QI Spine Clinic, Mumbai, India.
QI Spine Clinic, Pune, India.
J Bodyw Mov Ther. 2020 Oct;24(4):168-175. doi: 10.1016/j.jbmt.2020.07.013. Epub 2020 Jul 30.
To evaluate the efficacy of adjuvant frequency-specific microcurrent (FSM) application on pain and disability in patients treated with physical rehabilitation for mechanical low back pain (LBP) and neck pain (NP).
In this retrospective case-control study, pre- and post-treatment numerical pain rating scale (NPRS) score, Oswestry disability index (ODI) score, neck disability index (NDI) score, disability categories, and treatment outcome categories were compared between 213 patients in the FSM group (167 patients with LBP, 46 patients with NP) and 78 patients in the control group (61 patients with LBP, 17 patients with NP).

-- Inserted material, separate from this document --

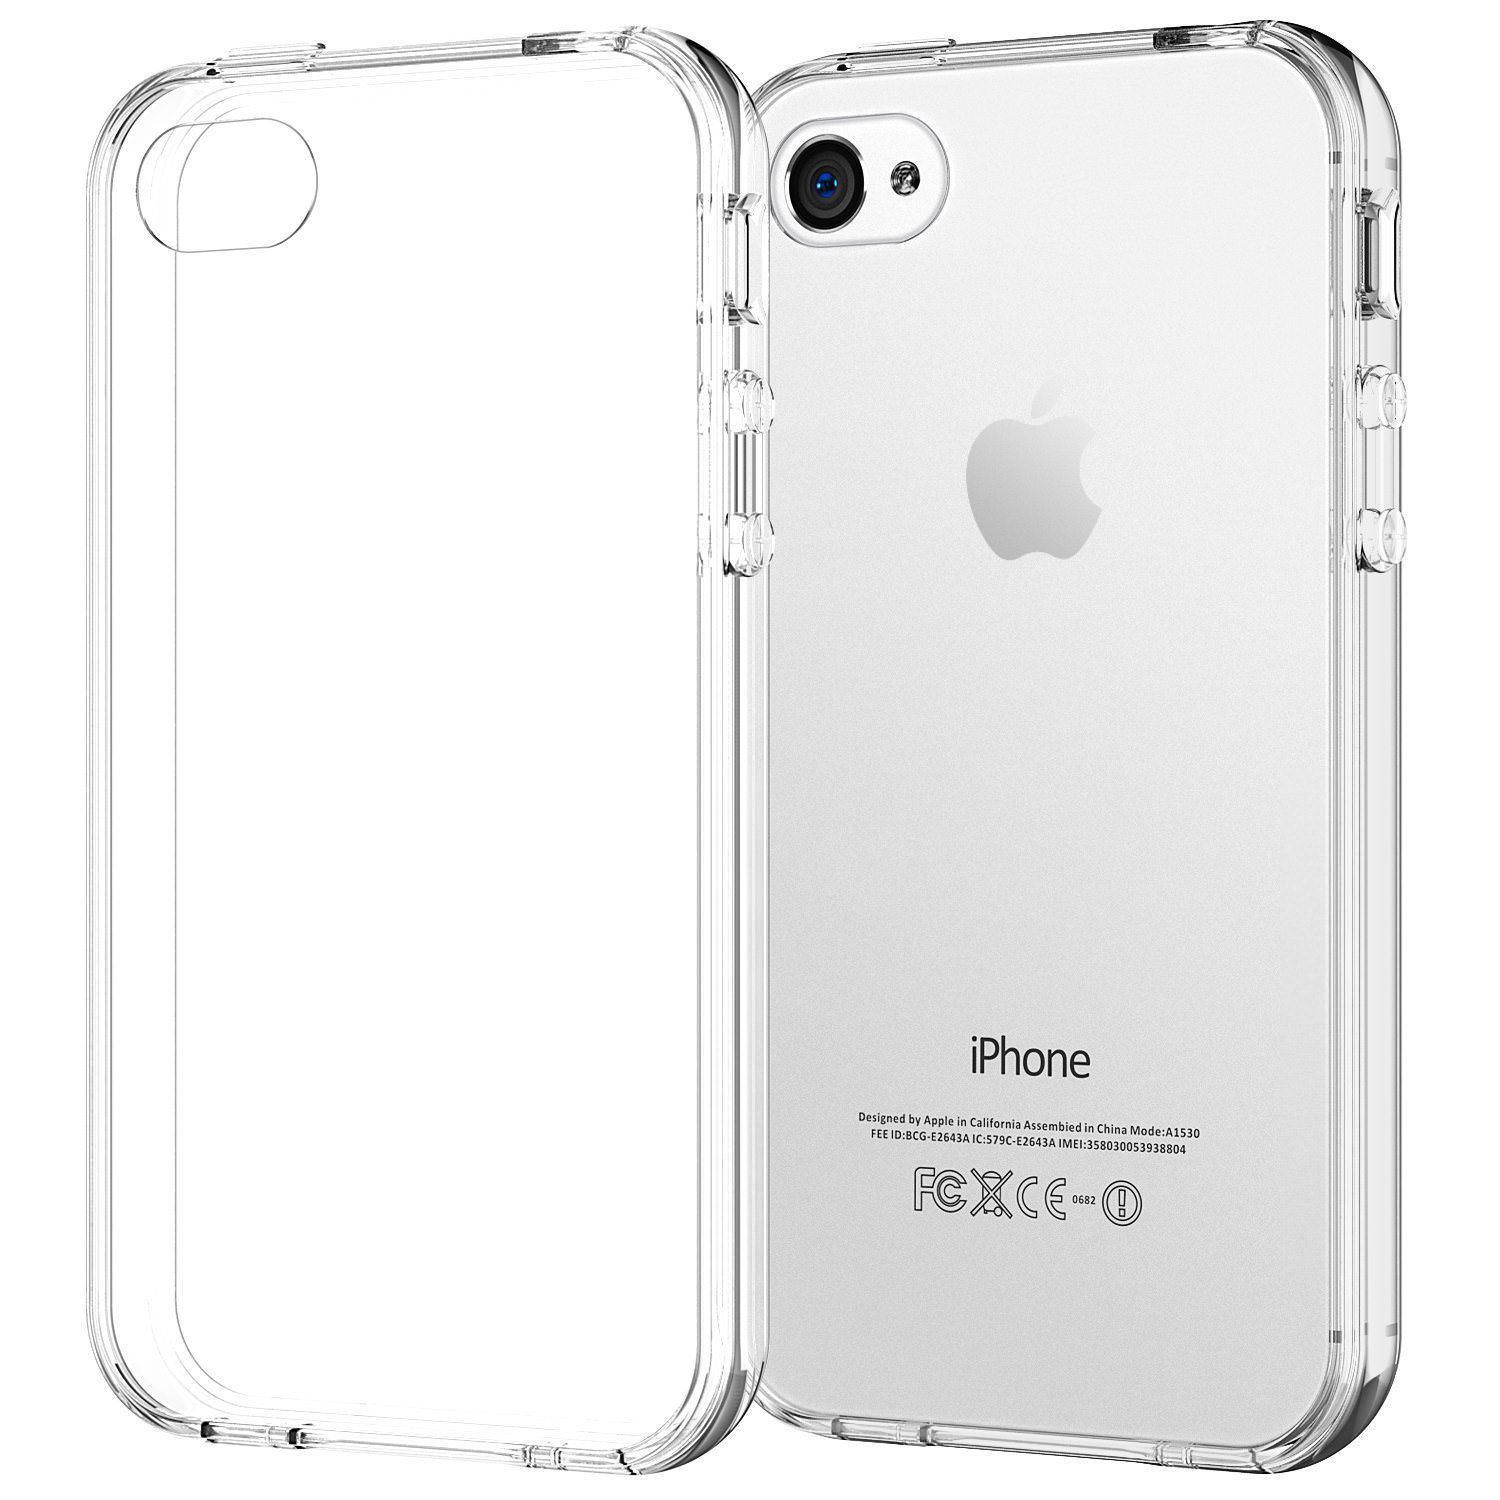 Apple iPhone 4S Soft Silicon Cases SPARXON - Transparent - Plain Back ...

In LBP patients, mean post-treatment NPRS score was significantly lower (p = 0.02) and a significantly higher percentage of patients were in the ≤3 NPRS score (p = 0.02), in the minimal disability (p = 0.01), and the full success (p = 0.006) categories post-treatment in the FSM group when compared to the control group. In NP patients, there was no significant difference in the post-treatment pain intensity, disability or treatment outcome when the 2 groups were compared.

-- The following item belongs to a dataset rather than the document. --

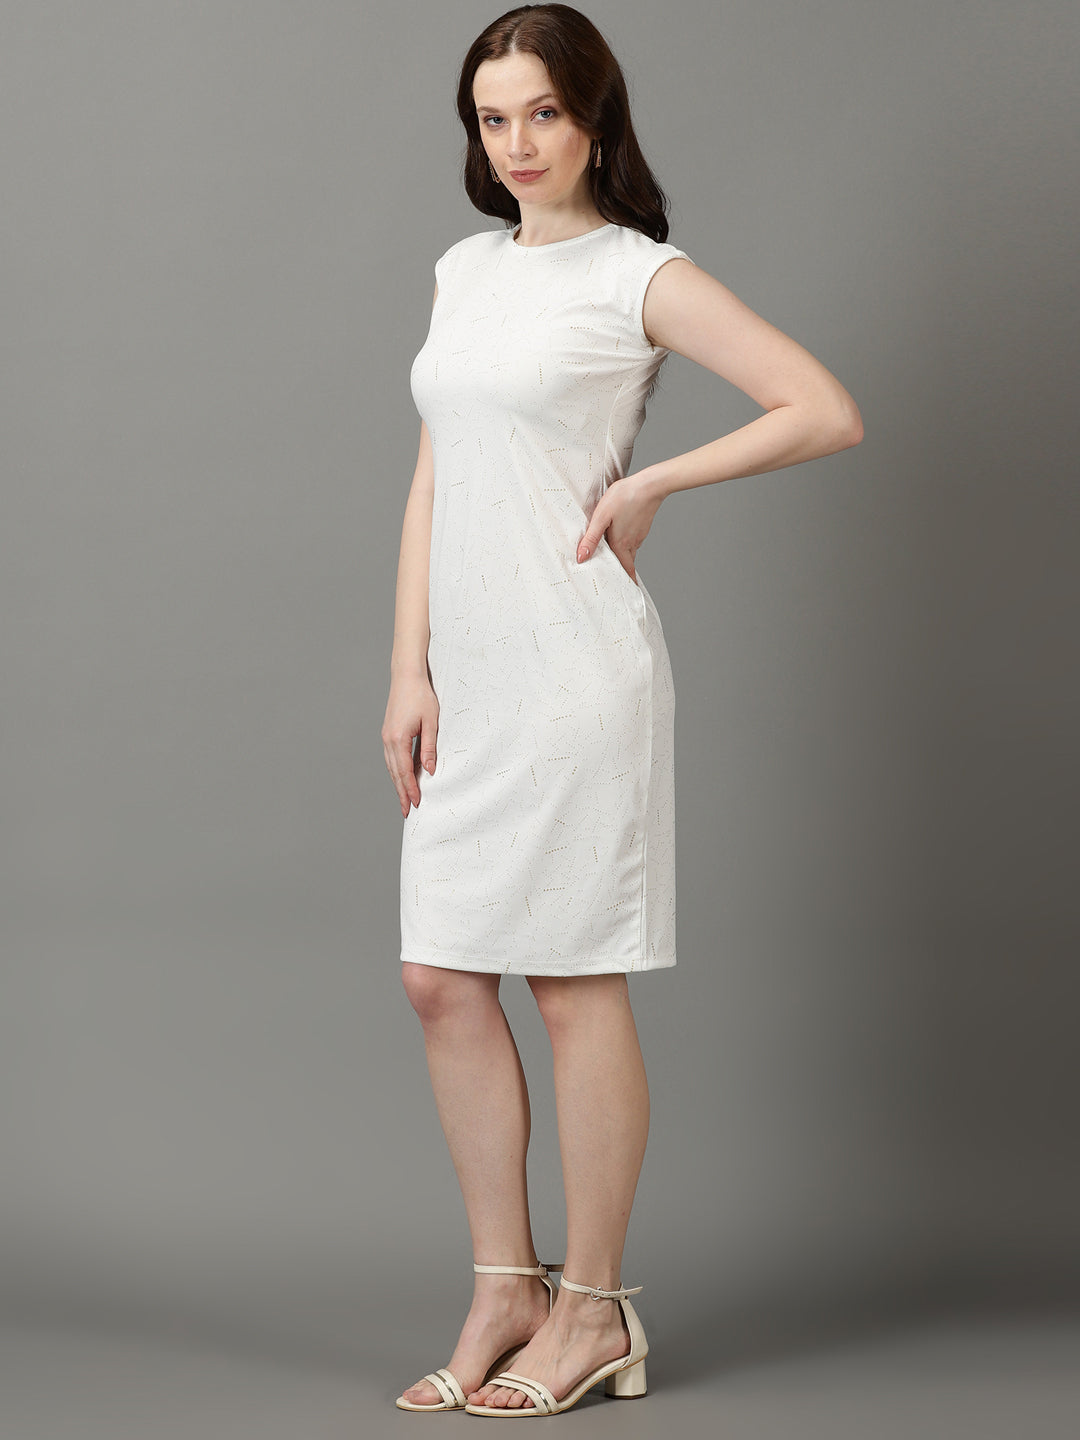 Women's White Embellished Bodycon Dress

The use of adjuvant FSM application in patients treated with physical rehabilitation for LBP significantly improved pain and disability when compared to patients in the control group. Frequency specific microcurrent could be a useful adjuvant in the rehabilitation treatment of patients with low back pain.
评估辅助频域微电流(FSM)应用对接受物理康复治疗的机械性下腰痛(LBP)和颈痛(NP)患者疼痛和残疾的疗效。
在这项回顾性病例对照研究中,比较了 FSM 组(167 例 LBP 患者,46 例 NP 患者)和对照组(78 例 LBP 患者,17 例 NP 患者)的 213 例患者的治疗前后数字疼痛评分量表(NPRS)评分、Oswestry 残疾指数(ODI)评分、颈痛残疾指数(NDI)评分、残疾类别和治疗效果类别。
在 LBP 患者中,治疗后平均 NPRS 评分显著降低(p=0.02),治疗后处于≤3 NPRS 评分(p=0.02)、最小残疾(p=0.01)和完全成功(p=0.006)类别的患者比例显著升高在 FSM 组与对照组相比。在 NP 患者中,两组之间比较时,治疗后疼痛强度、残疾或治疗效果无显著差异。
与对照组相比,在接受物理康复治疗的 LBP 患者中使用辅助 FSM 应用可显著改善疼痛和残疾。频域微电流可能是腰痛康复治疗的一种有用的辅助手段。